● To do
Quote word for word from the line holding "022 NIKE MERCURIAL" to the last line below, including both, and omit any pictures.

● Given data
========================

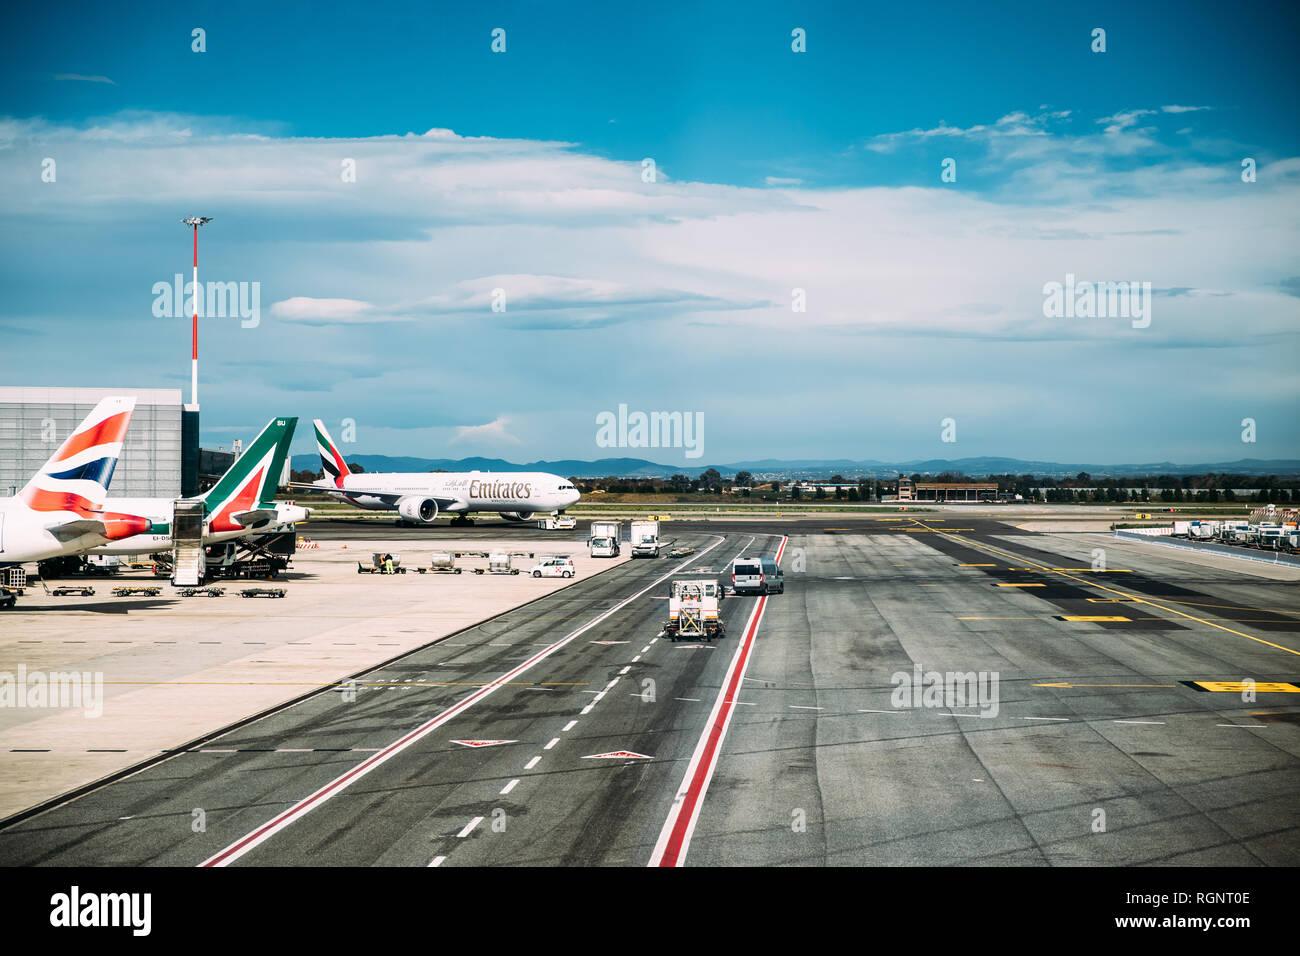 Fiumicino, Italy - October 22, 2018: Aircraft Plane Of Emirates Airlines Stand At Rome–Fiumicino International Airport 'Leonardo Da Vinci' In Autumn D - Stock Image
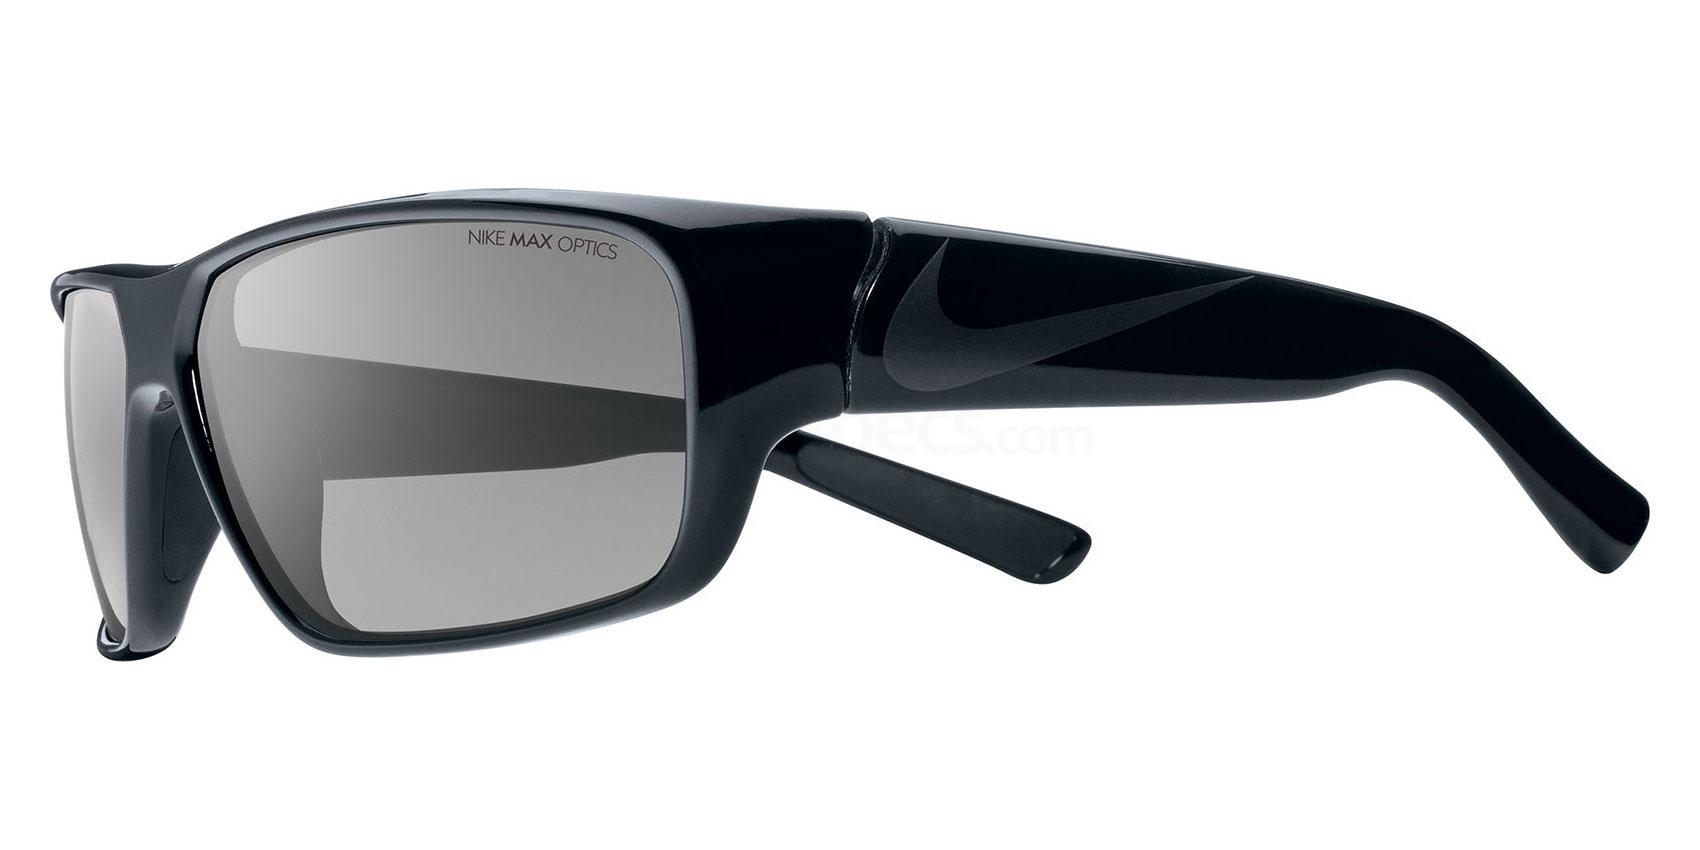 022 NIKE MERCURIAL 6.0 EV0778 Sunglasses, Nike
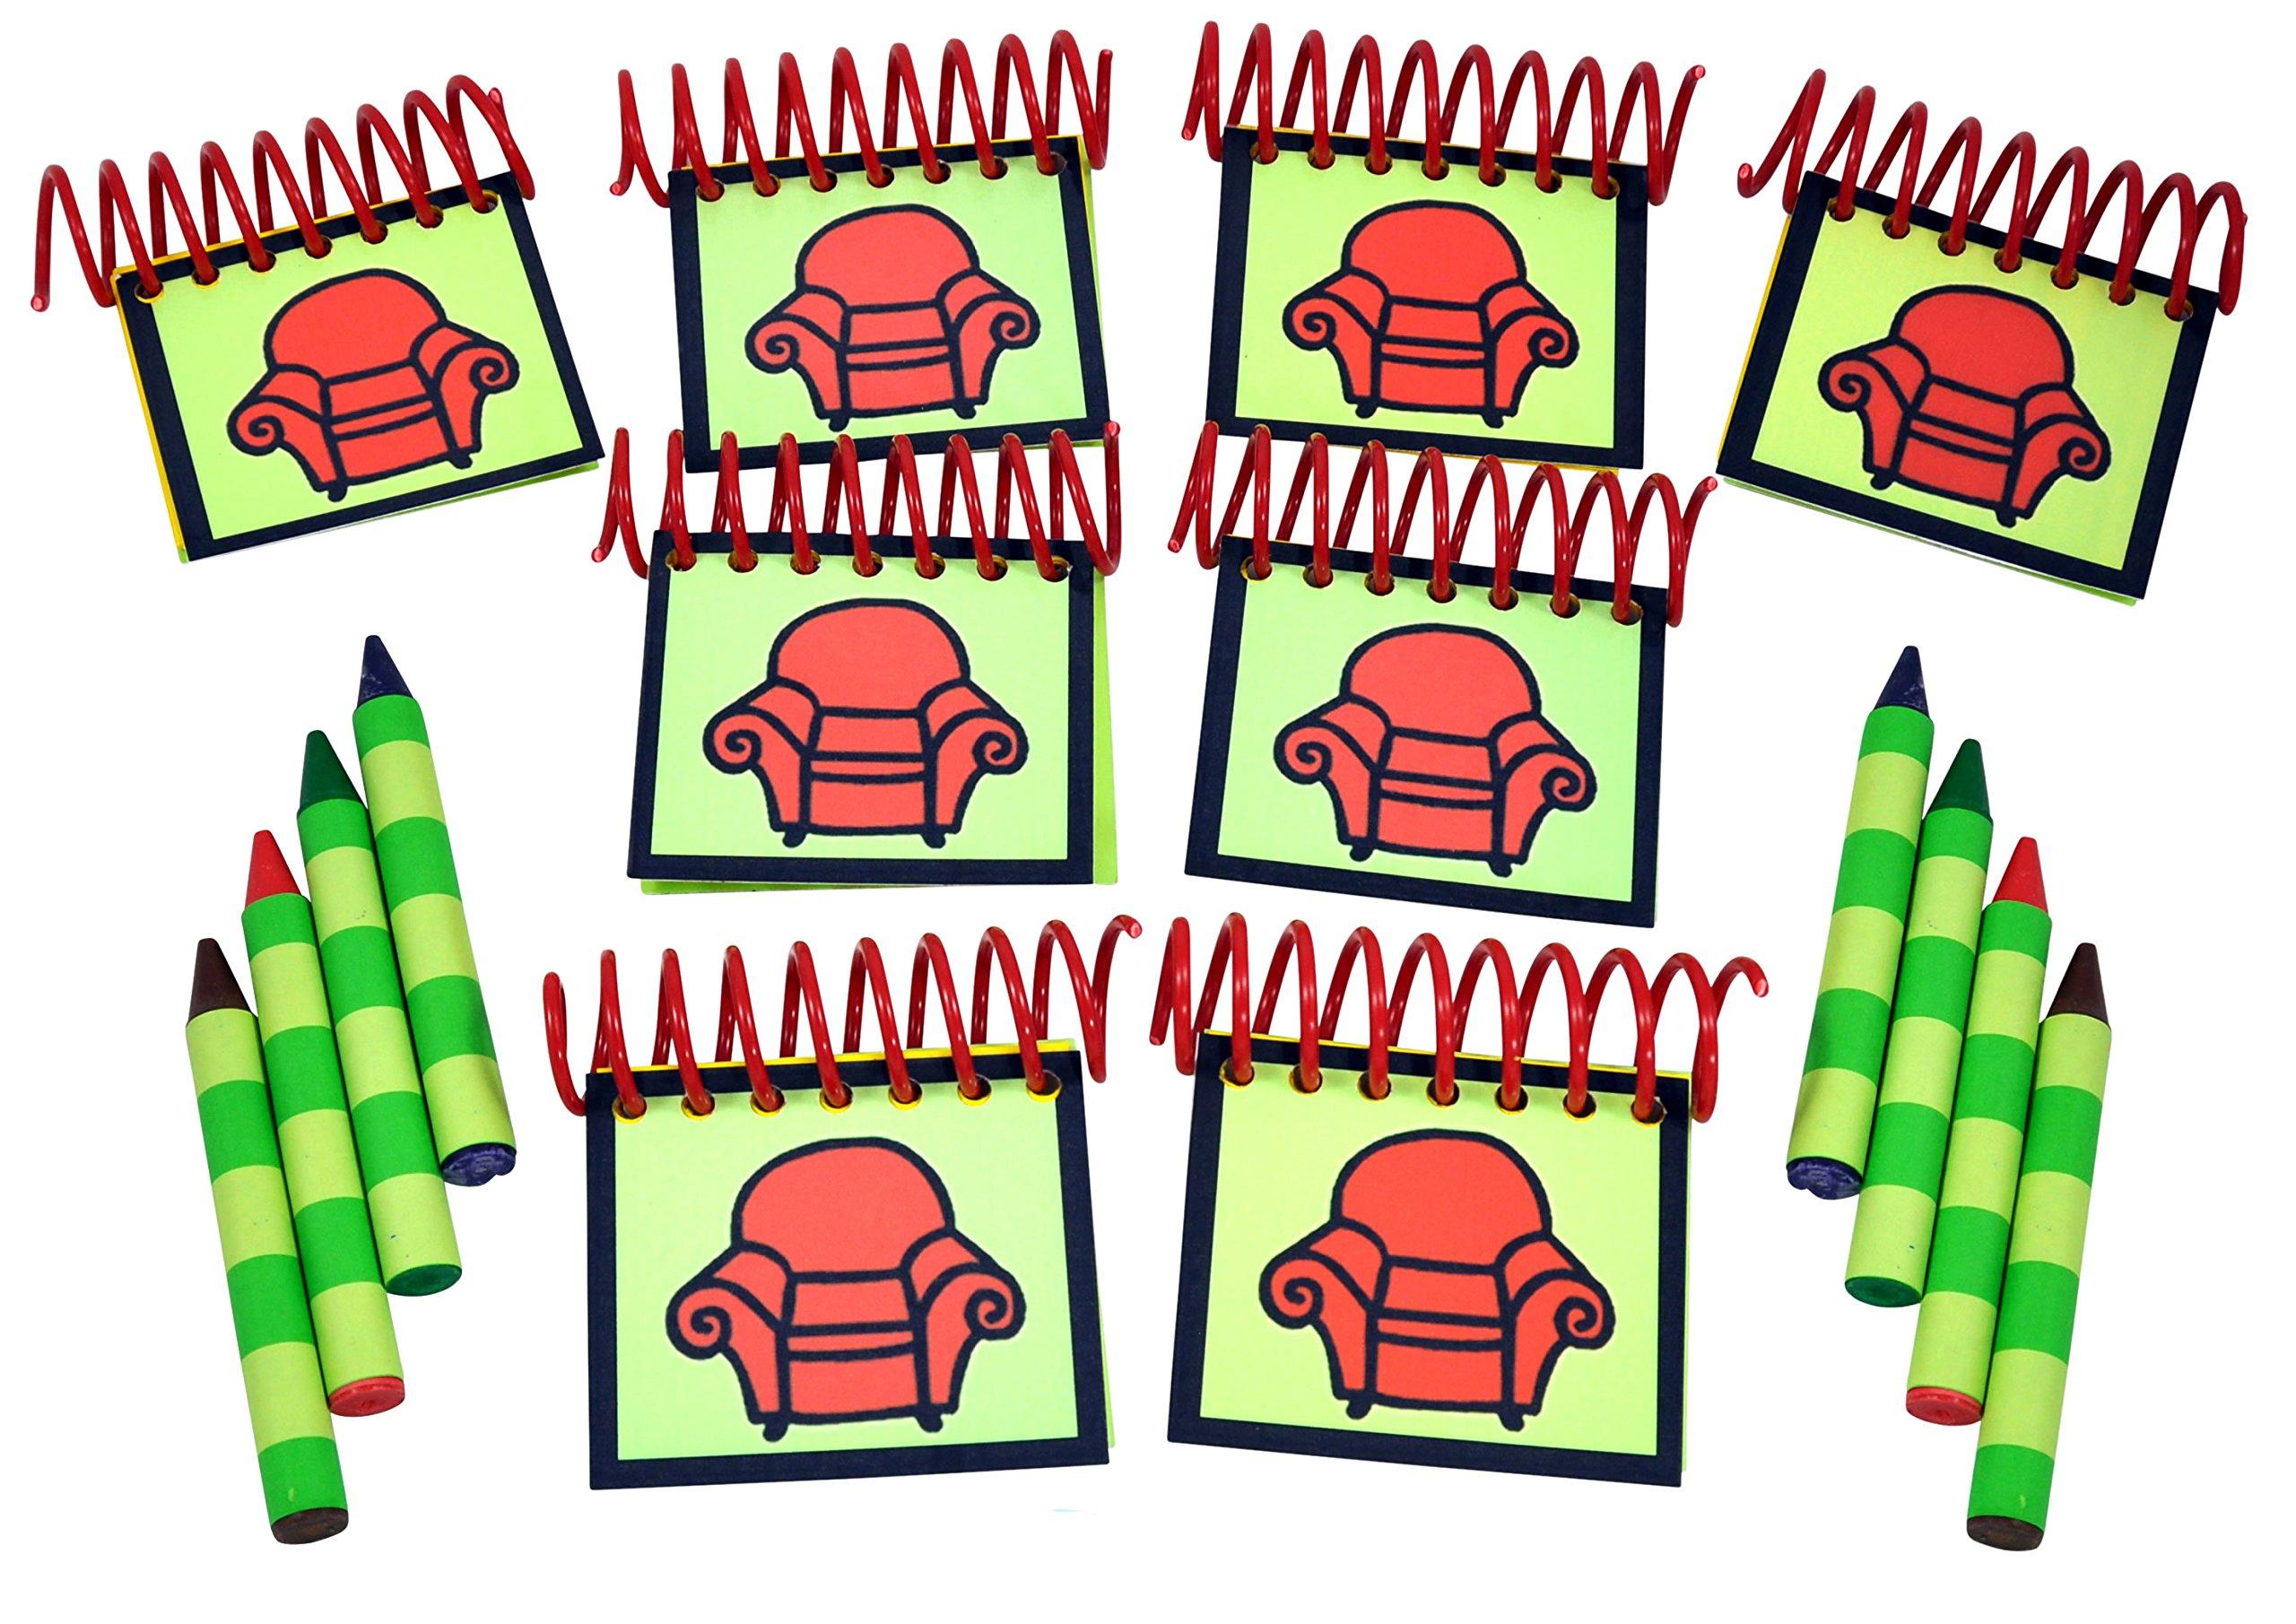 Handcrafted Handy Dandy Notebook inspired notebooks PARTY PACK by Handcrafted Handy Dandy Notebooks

========================

● Task response
 022 NIKE MERCURIAL 6.0 EV0778 Sunglasses, Nike
 Handcrafted Handy Dandy Notebook inspired notebooks PARTY PACK by Handcrafted Handy Dandy Notebooks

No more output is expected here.